Task details | Set down exactly the lines below, starting at the one that contains "Ray J and Princess" and ending at the one that contains "Operating Systems Structure Chapter 2", with both of those lines included and nothing else.

Dataset excerpts |
----

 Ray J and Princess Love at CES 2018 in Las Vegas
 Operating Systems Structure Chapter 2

----

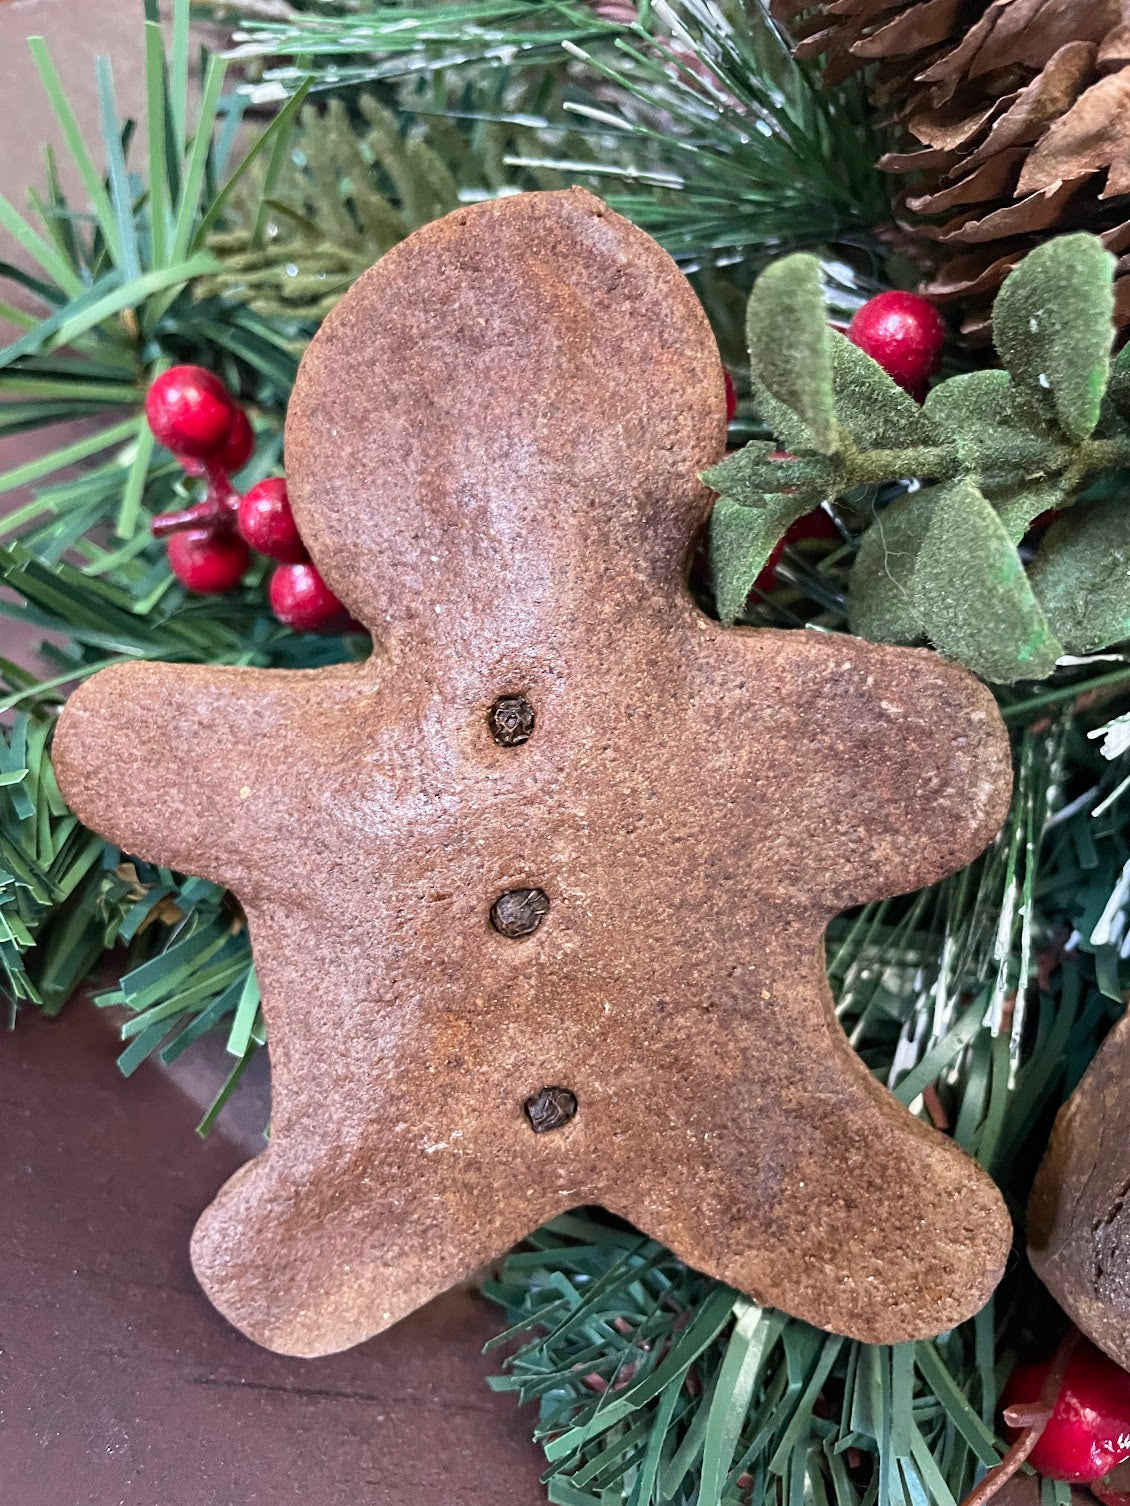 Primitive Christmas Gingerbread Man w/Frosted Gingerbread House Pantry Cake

----

Problem solution |
 Ray J and Princess Love at CES 2018 in Las Vegas
 Operating Systems Structure Chapter 2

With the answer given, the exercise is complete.